Problem to work on
No pictures in the copy. Write out the listing below exactly.

Recorded information
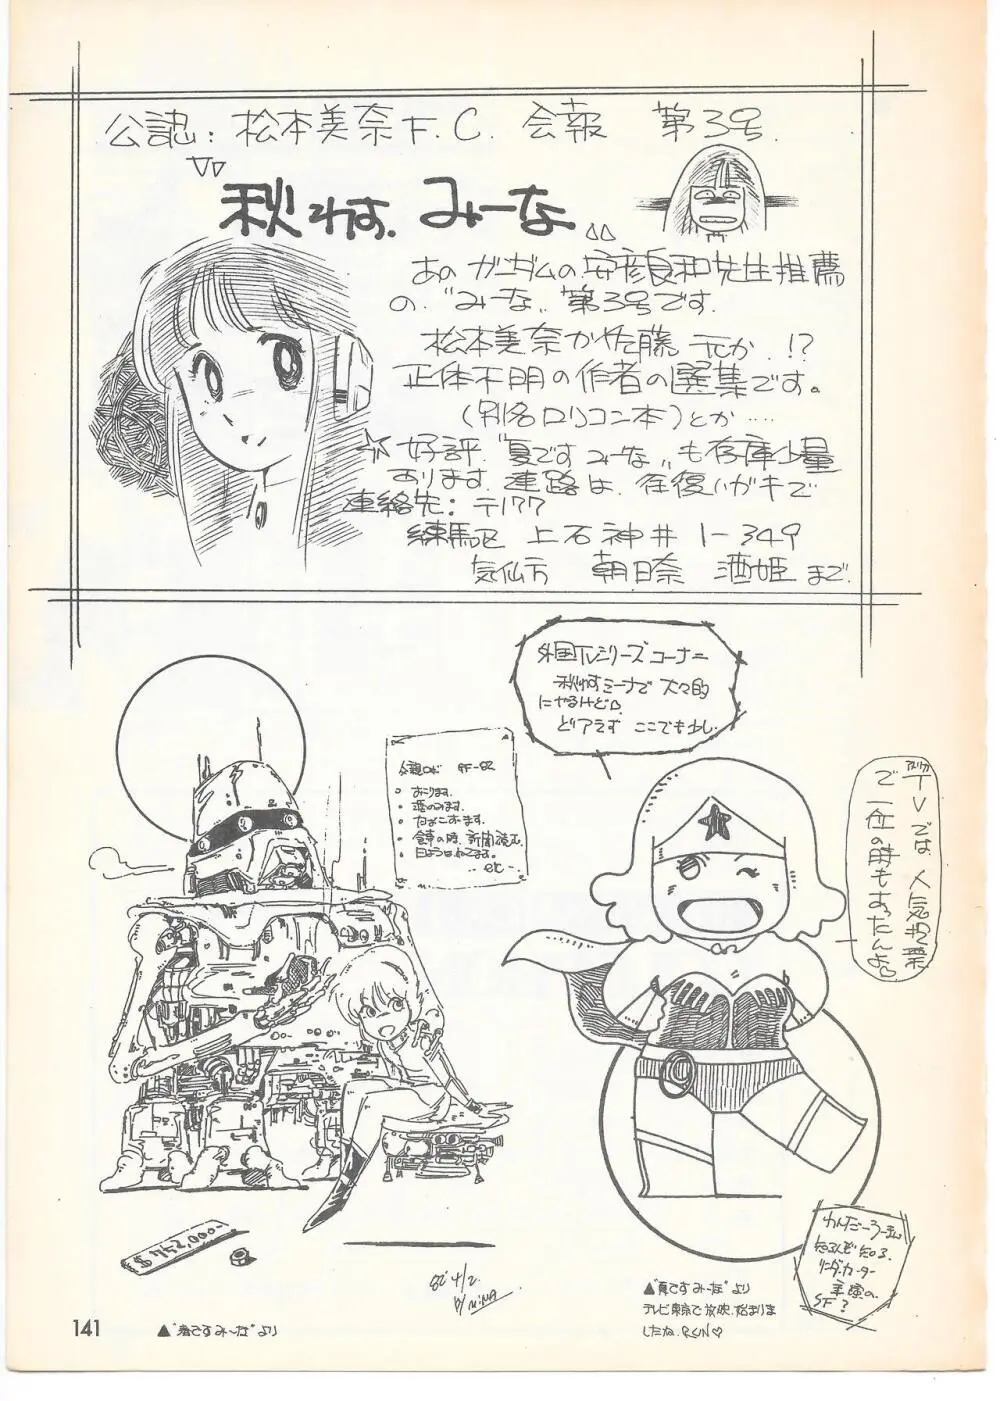 THE ANIMATOR 1 金田伊功特集号 136ページ
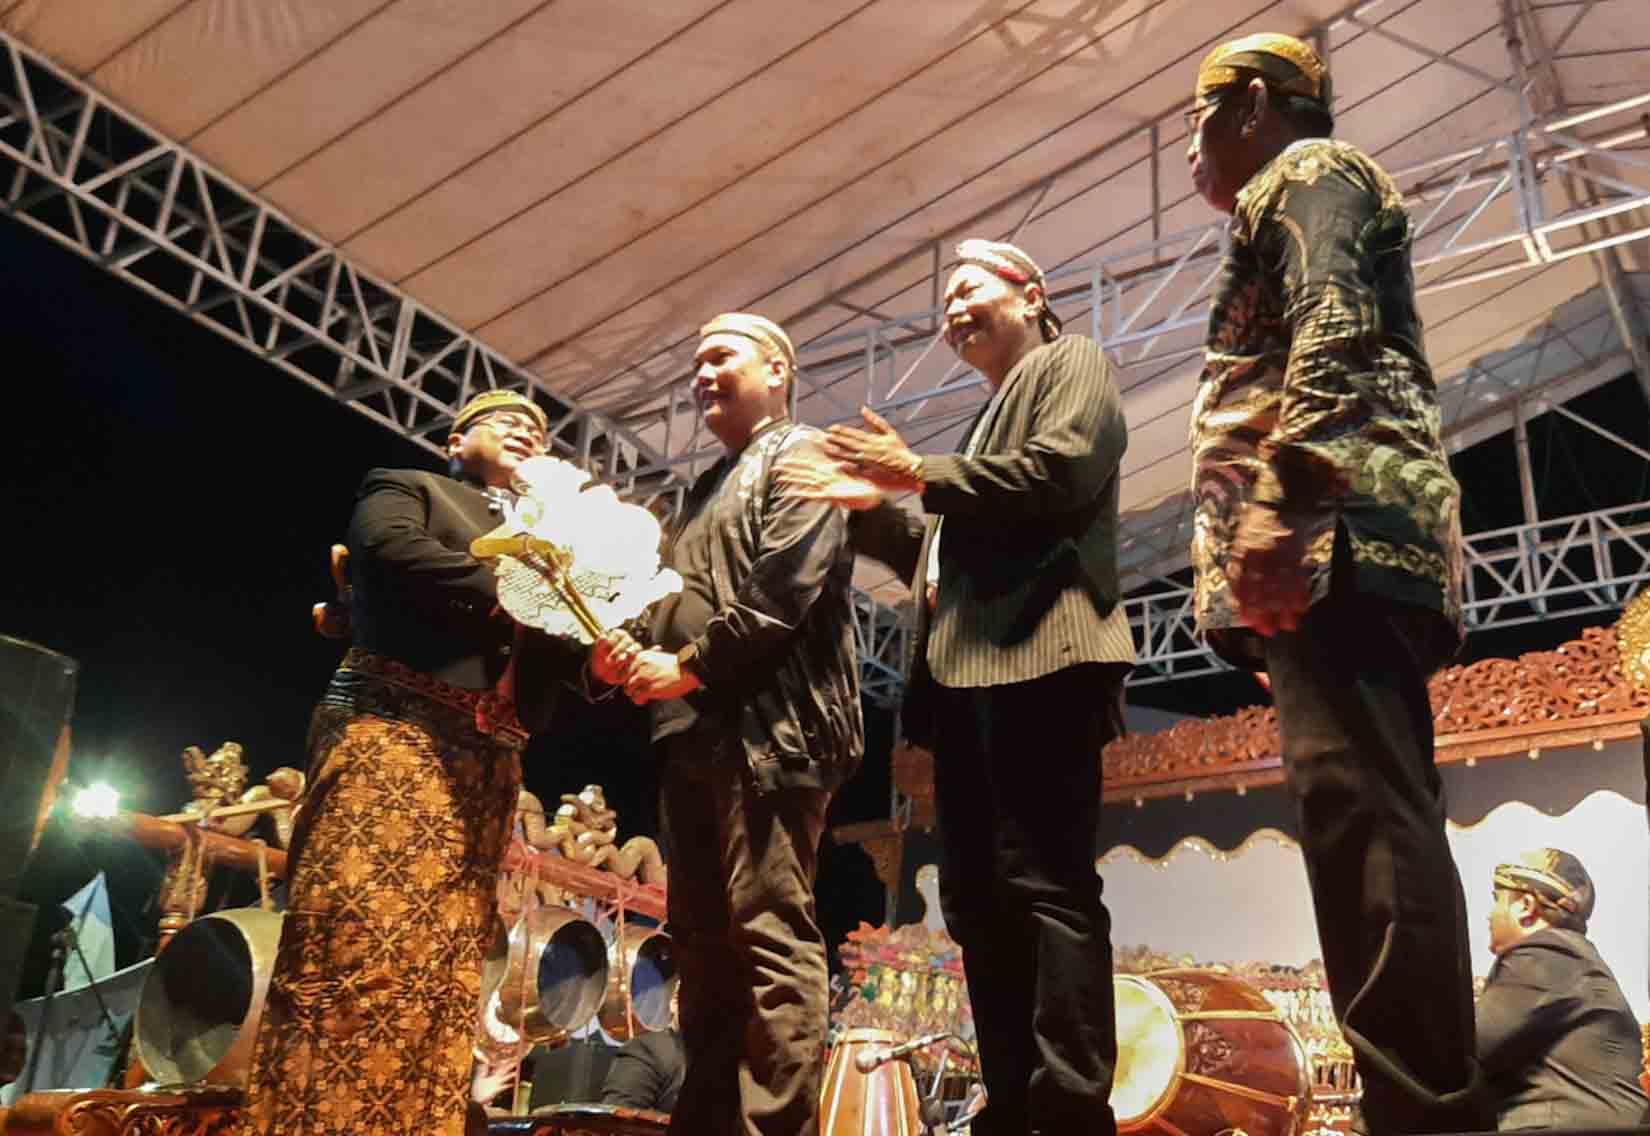 Walikota Banjarbaru Aditya Mufti Ariffin saat membuka pentas Wayang Kulit
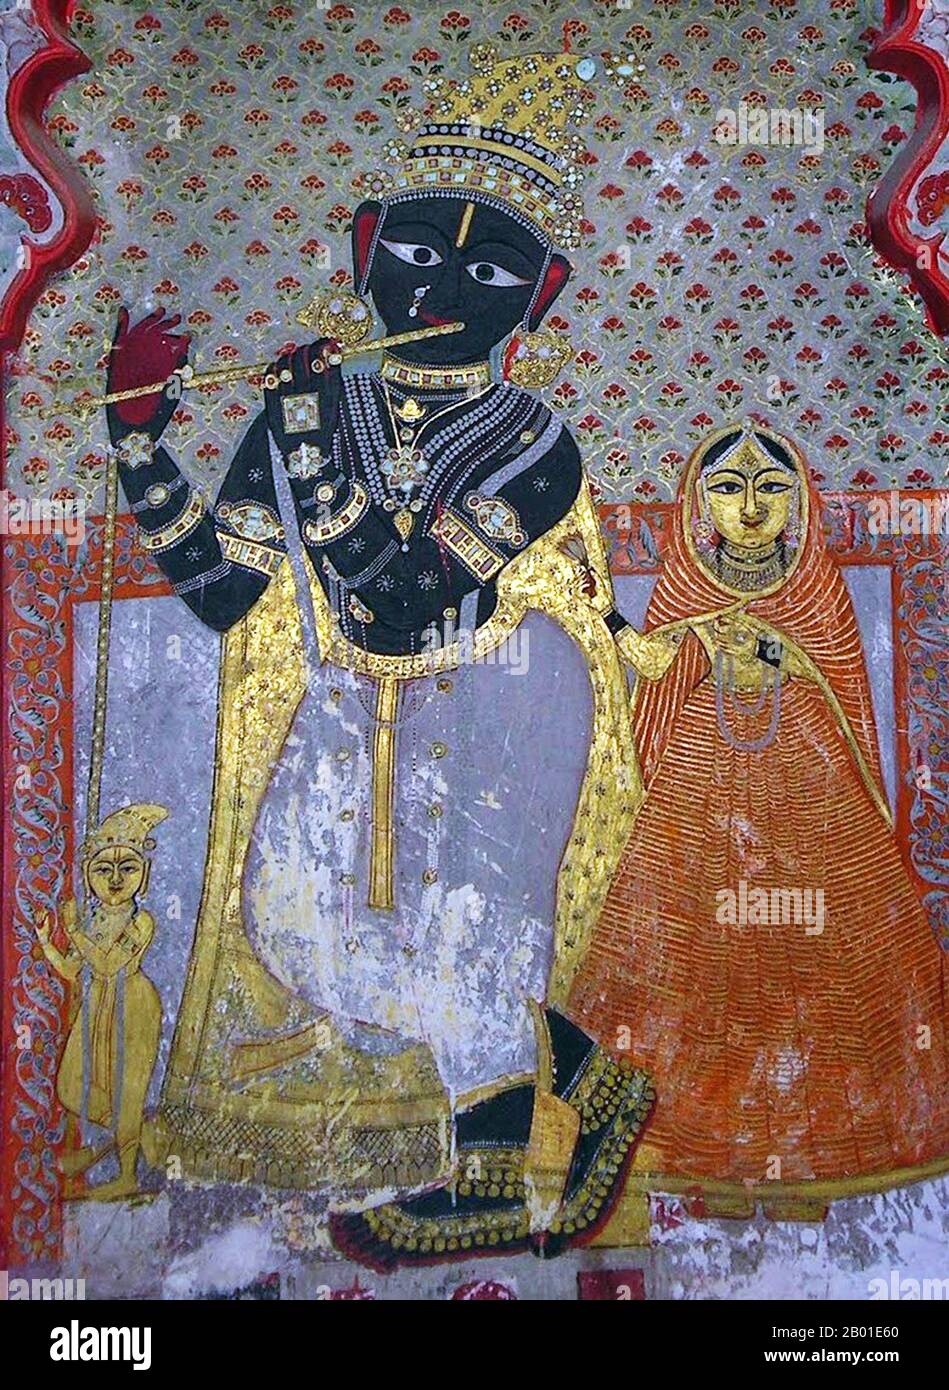 Inde: Peinture murale de Krishna jouant une flûte sur un mur de palais au palais de la ville d'Udaipur, vers 18th-19th siècle. Photo par Pebble101 (Licence CC BY-sa 3,0). Krishna (littéralement 'dark, noir, bleu foncé') est une figure centrale de l'hindouisme et est traditionnellement attribuée à la paternité de la Bhagavad Gita. Il est un Avatar de Vishnu et considéré dans certaines traditions monothéistes comme l'être Suprême. Krishna est identifié comme un individu historique qui a participé aux événements du Mahābhārata. Krishna est souvent décrit comme un bébé ou un jeune garçon jouant une flûte comme dans la Bhagavata Purana. Banque D'Images

Answer below
 THE ANIMATOR 1 金田伊功特集号 136ページ
 Walikota Banjarbaru Aditya Mufti Ariffin saat membuka pentas Wayang Kulit
 Inde: Peinture murale de Krishna jouant une flûte sur un mur de palais au palais de la ville d'Udaipur, vers 18th-19th siècle. Photo par Pebble101 (Licence CC BY-sa 3,0). Krishna (littéralement 'dark, noir, bleu foncé') est une figure centrale de l'hindouisme et est traditionnellement attribuée à la paternité de la Bhagavad Gita. Il est un Avatar de Vishnu et considéré dans certaines traditions monothéistes comme l'être Suprême. Krishna est identifié comme un individu historique qui a participé aux événements du Mahābhārata. Krishna est souvent décrit comme un bébé ou un jeune garçon jouant une flûte comme dans la Bhagavata Purana. Banque D'Images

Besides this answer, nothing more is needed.